Goals on Sunday is a British football highlights television programme which aired on the ITV Yorkshire Television region initially between 1989 and 1992 in its first format, and then again from 1992 to 2002.

Original Format
The show was a 30-minute programme featuring action from Saturday's games featuring the region's teams in top four divisions beginning with a main 10-minute featured match, mostly commentated by John Helm and presented by Nick Powell. Leeds United or one of the Sheffield teams (Wednesday or United) were usually featured in the main game with interviews with players and managers afterwards.

With the formation of the Premier League in 1992 Sky Sports won the rights to show the games meaning the show continued showing games from the Second, Third and Fourth levels. The last show aired on the final weekend of the 2001–02 season.

History
The show was usually shown in a mid day slot on Sunday lunchtime showing the previous days Football highlights. Teams featured were from the Yorkshire Television region's, the area covered all of Yorkshire and Lincolnshire including a small number of sides from neighbouring Derbyshire and Nottinghamshire that are situated close to the borders with Yorkshire.

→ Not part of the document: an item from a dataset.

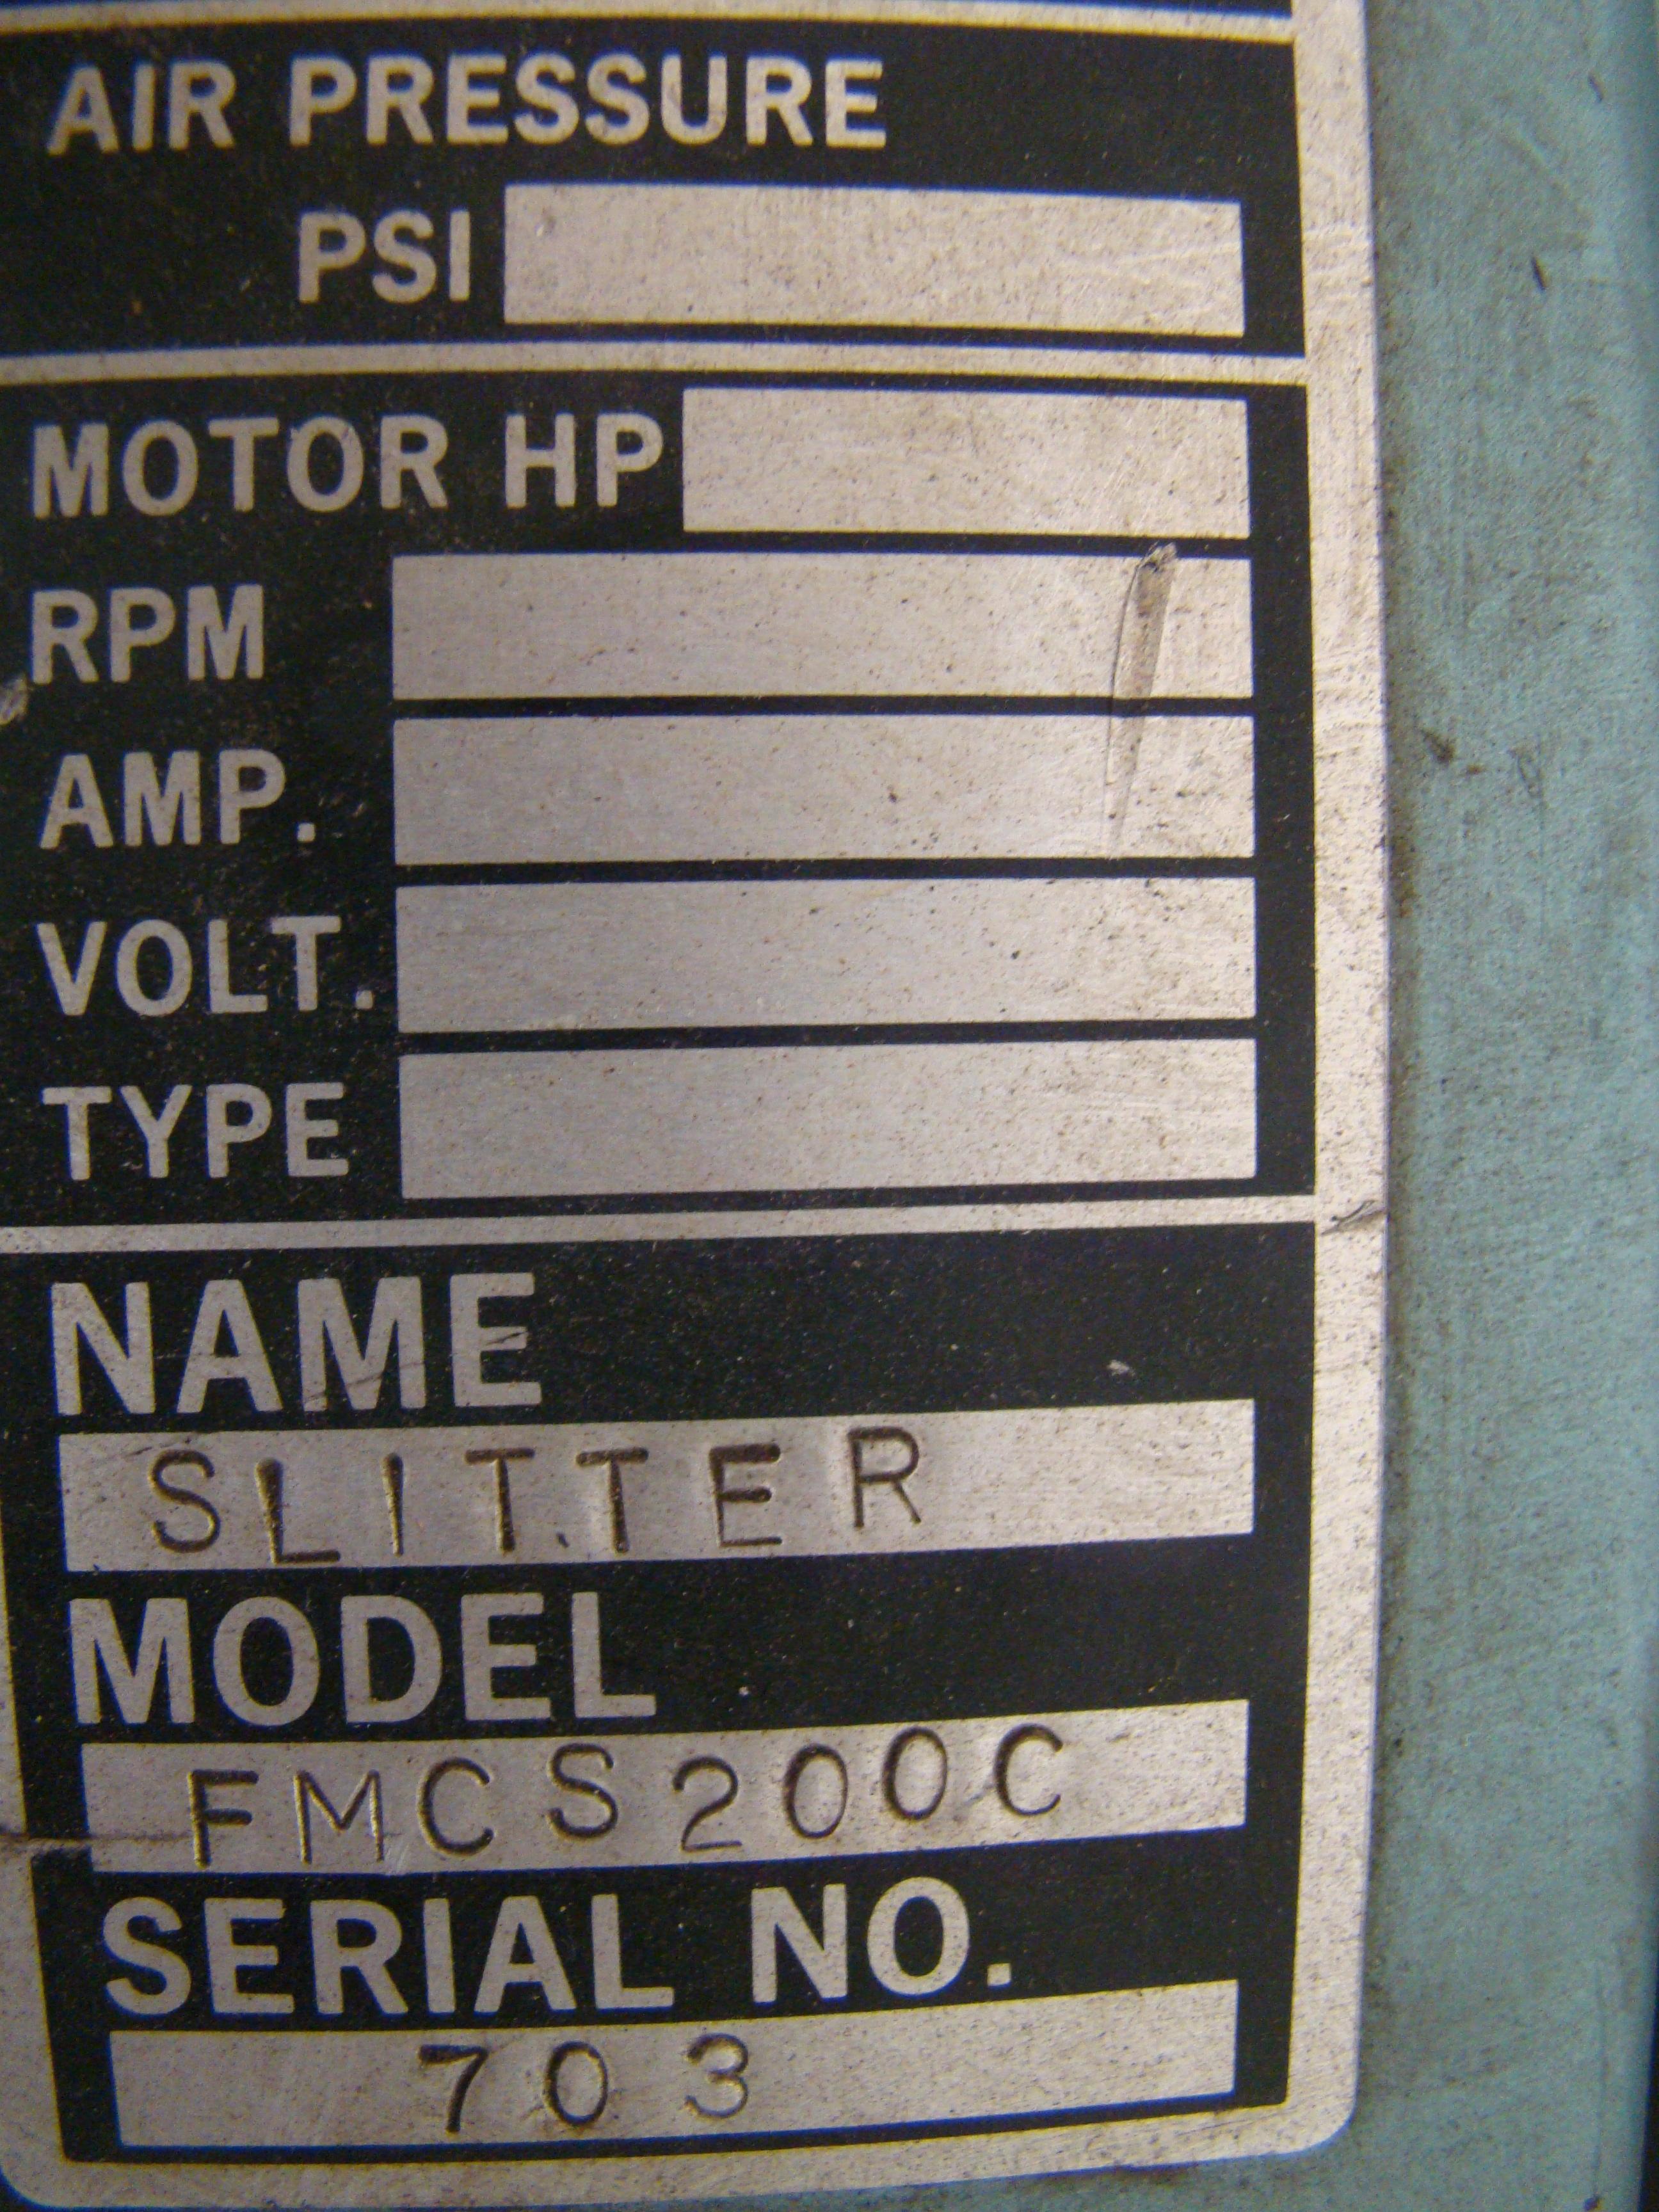 "Falcon 14"" Laminate Slitter Model FMCS200C 1/3HP 115/230 Volt - Image 4 of 6"
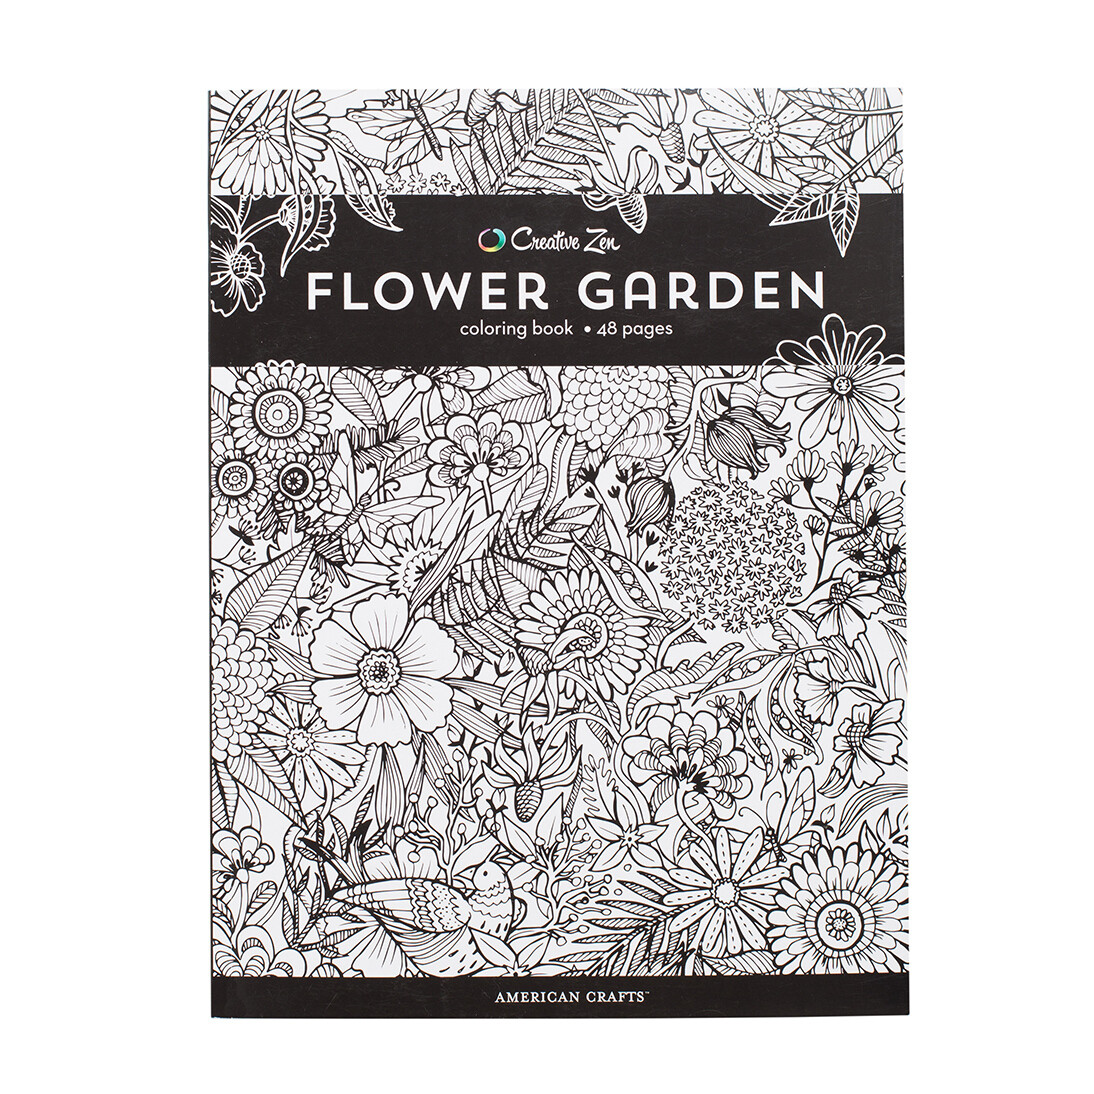 Creative Zen Flower Garden Coloring Book  48 pages

From 1992 to 1993 when ITV lost the rights to show First Division matches to Sky Sports, whilst highlights rights were given to the BBC for their Match of the Day show. The highlights and any live match feature would initially go out under the title Your Match. but the name "Goals on Sunday" was revived. There were also live Football League games, that featured teams in the second tier, were shown until 2002 called "Goals on Sunday: Live".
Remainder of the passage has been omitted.